Perhaps this article will help you deliver such a eulogy speech. There are many things you should understand about preparing for, writing, and then delivering the eulogy speech.
The basic format of a eulogy speech is normally an introduction, the main theme and the conclusion. As the main speaker you will need enough information to speak for at least eight minutes. If you are not the main speaker, your eulogy speech may need to be only two to three minutes.
Make sure you gather all the material and information that you will need before you begin writing the speech.
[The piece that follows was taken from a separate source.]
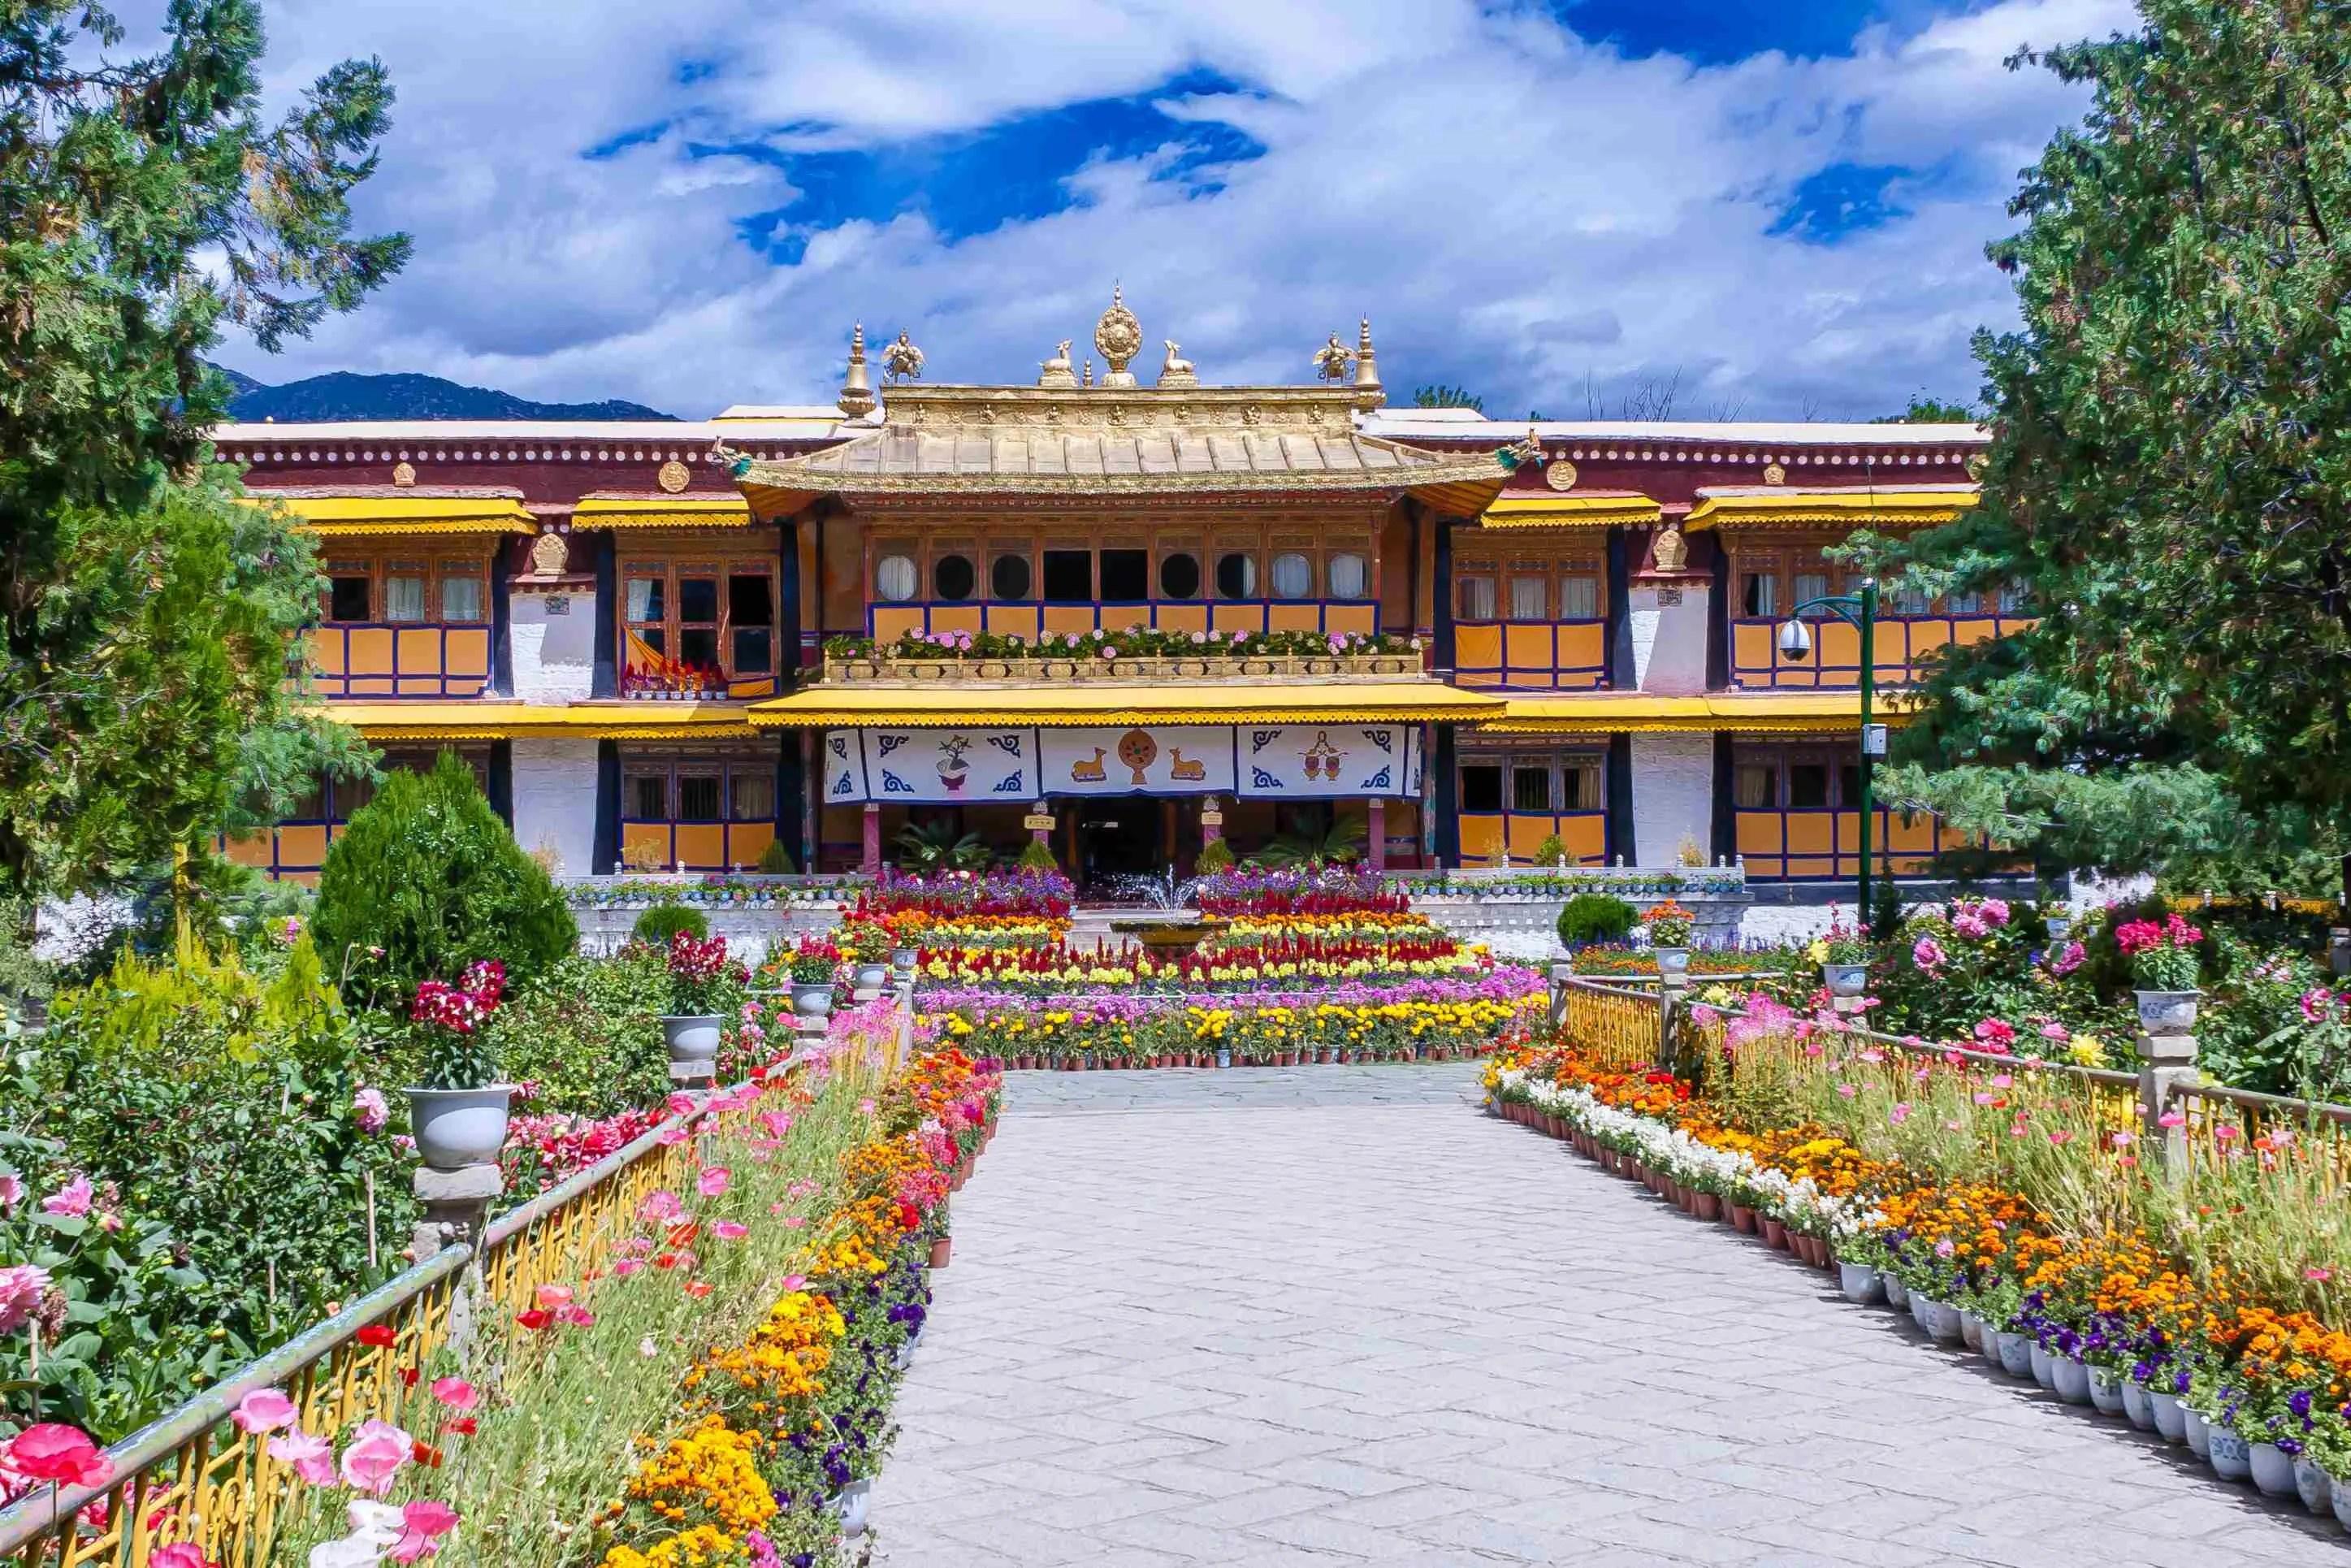 Norbulingka The Summer Residence of Dalai Lama in Lhasa

If you are the main speaker, your eulogy speech should have all the following:
- Stories about the person's life
- Stories from friends and family
- Highlights of the person's life
- A favorite poem or saying or quote of the deceased
- Be consistent with how the deceased would like to be remembered
- Your facts: when and where born, where raised, schools, jobs, survivors, etc.
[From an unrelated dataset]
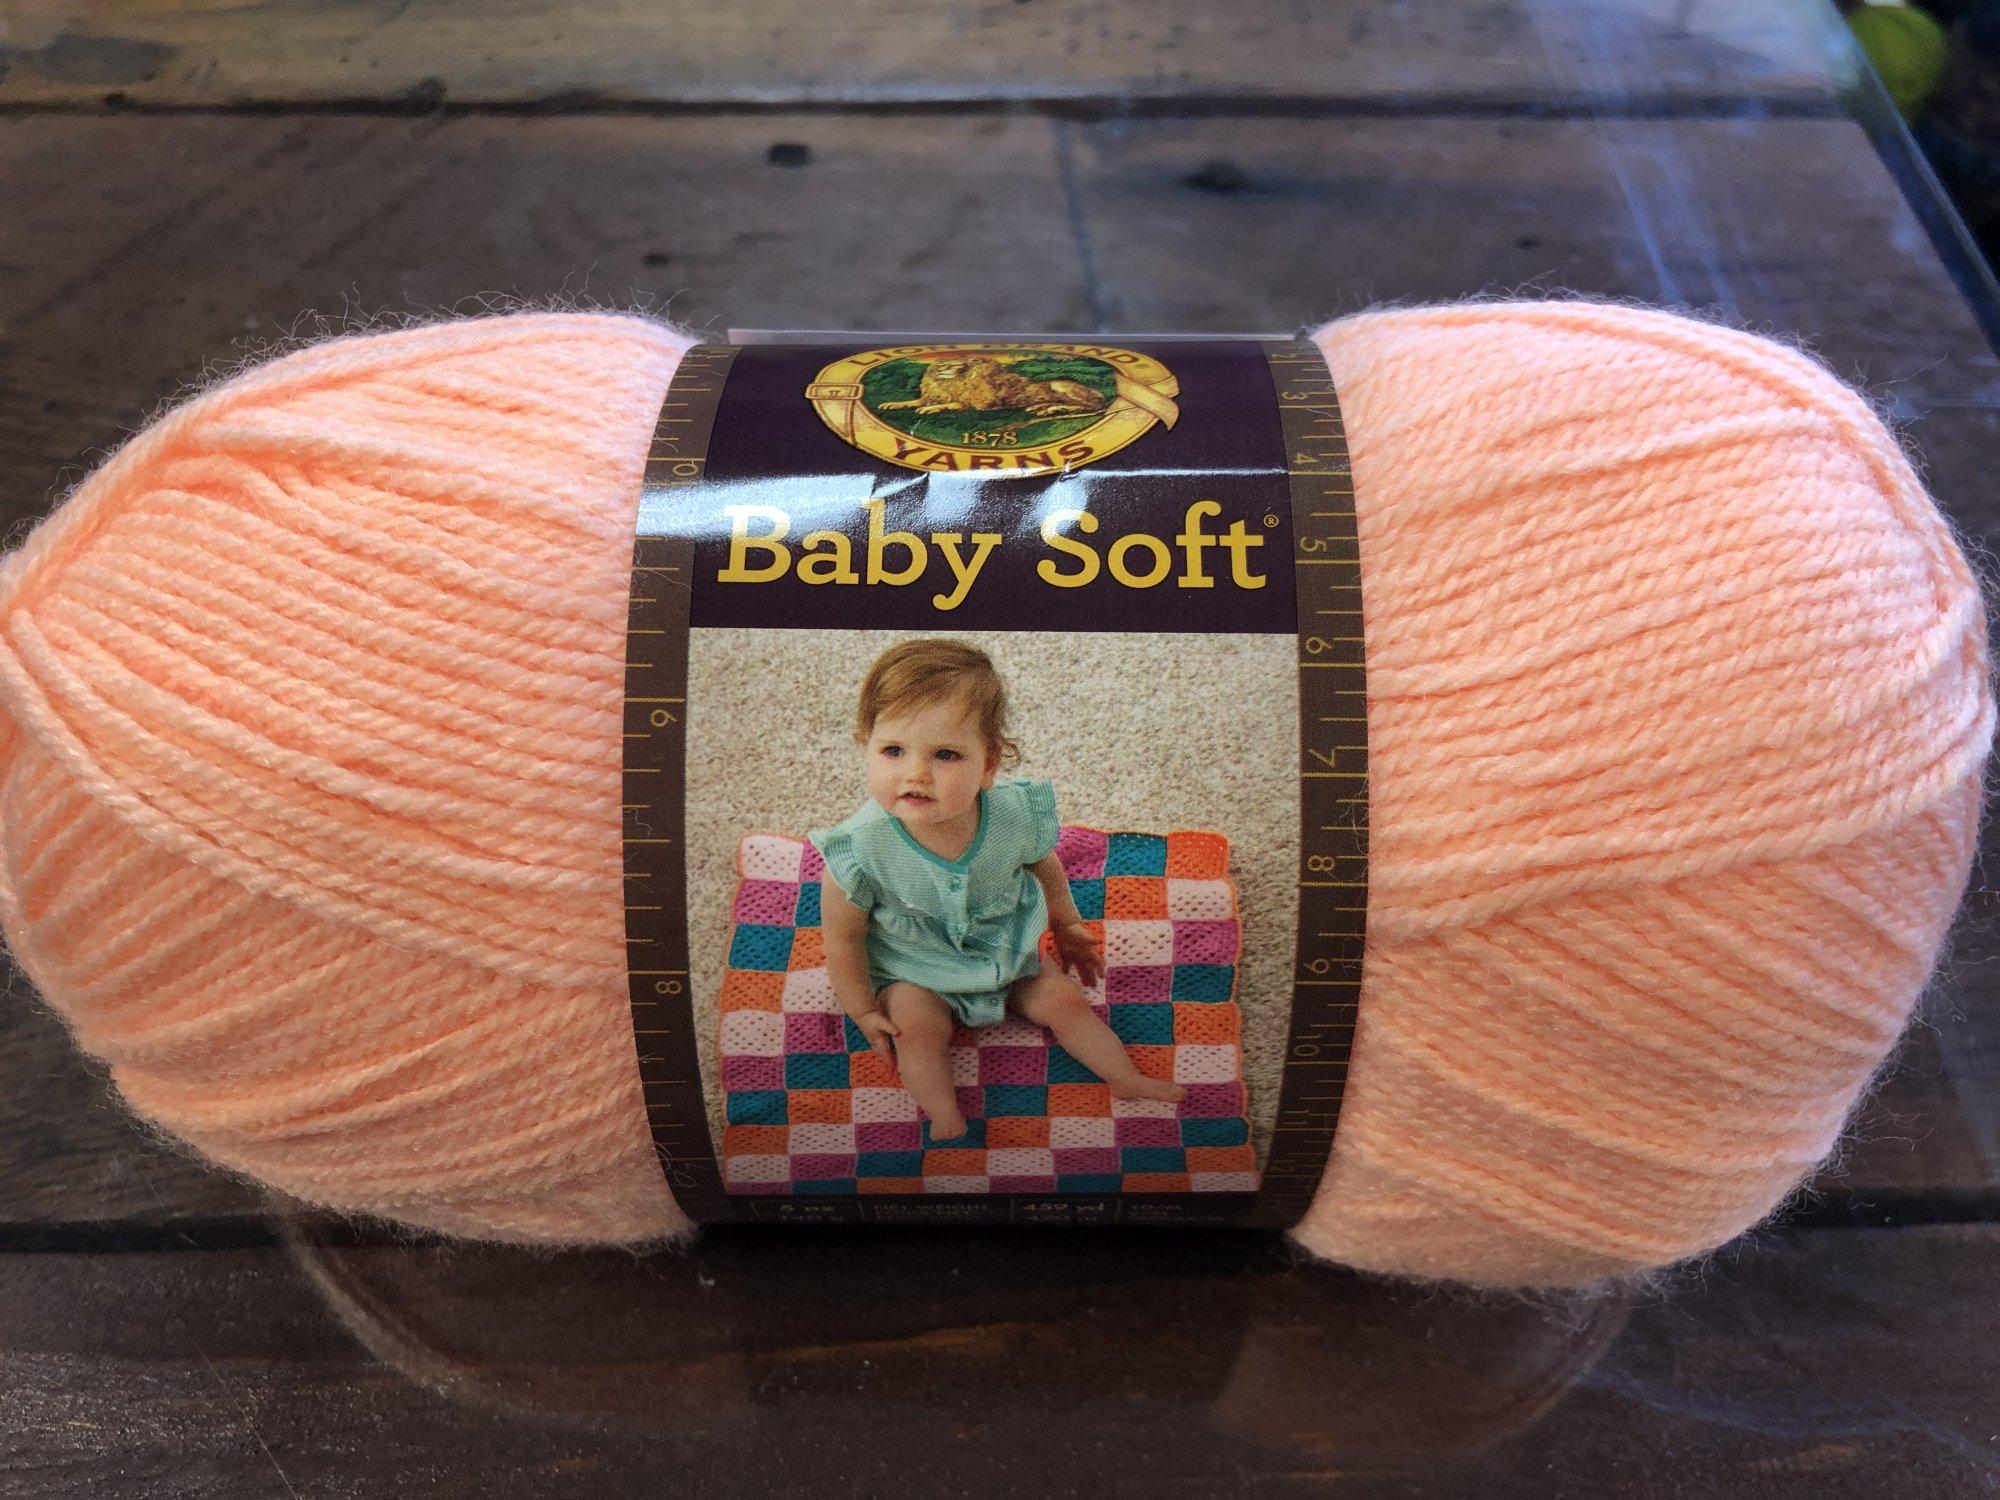 5oz Creamsicle Baby Soft

As you begin to write, think about the words you choose carefully, you want to try and create a eulogy speech that when delivered will be uplifting and inspiring for the attendees of the memorial service.
Acknowledge in an honest way the departed. It is a common flaw to want to present the departed in a grandiose way, better, bigger, smarter, etc. than they actually were. This is not what the departed wanted, this is not what the attendees want. They want to hear the honest things about the departed. If he was a janitor, do not say, “Joe was the most phenomenal janitor that ever cleaned the halls at work, in fact he was given many awards for how his floors shined. . . unless that is actually true!
Try this in the eulogy speech instead: Joe was a janitor. He was well liked and respected by all the people he worked with. He would do little things to help make their day better. I remember one time when he learned that one of the secretaries had allergies to dust. He left her special cleaning cloths to remove dust when his schedule was cut back. That was the kind of person Joe was. It didn't matter to him that he never became a rocket scientist. It mattered to him that he did his job the best that he could and tried to help those around him with the job he did.
At the same time, the eulogy speech should not be a place where a negative statement enters in. Let the eulogy speech honor the person and all their good.
Make sure you close with a thoughtful and sincere ending that will let people know how the departed lived and loved life and how they wanted to be remembered.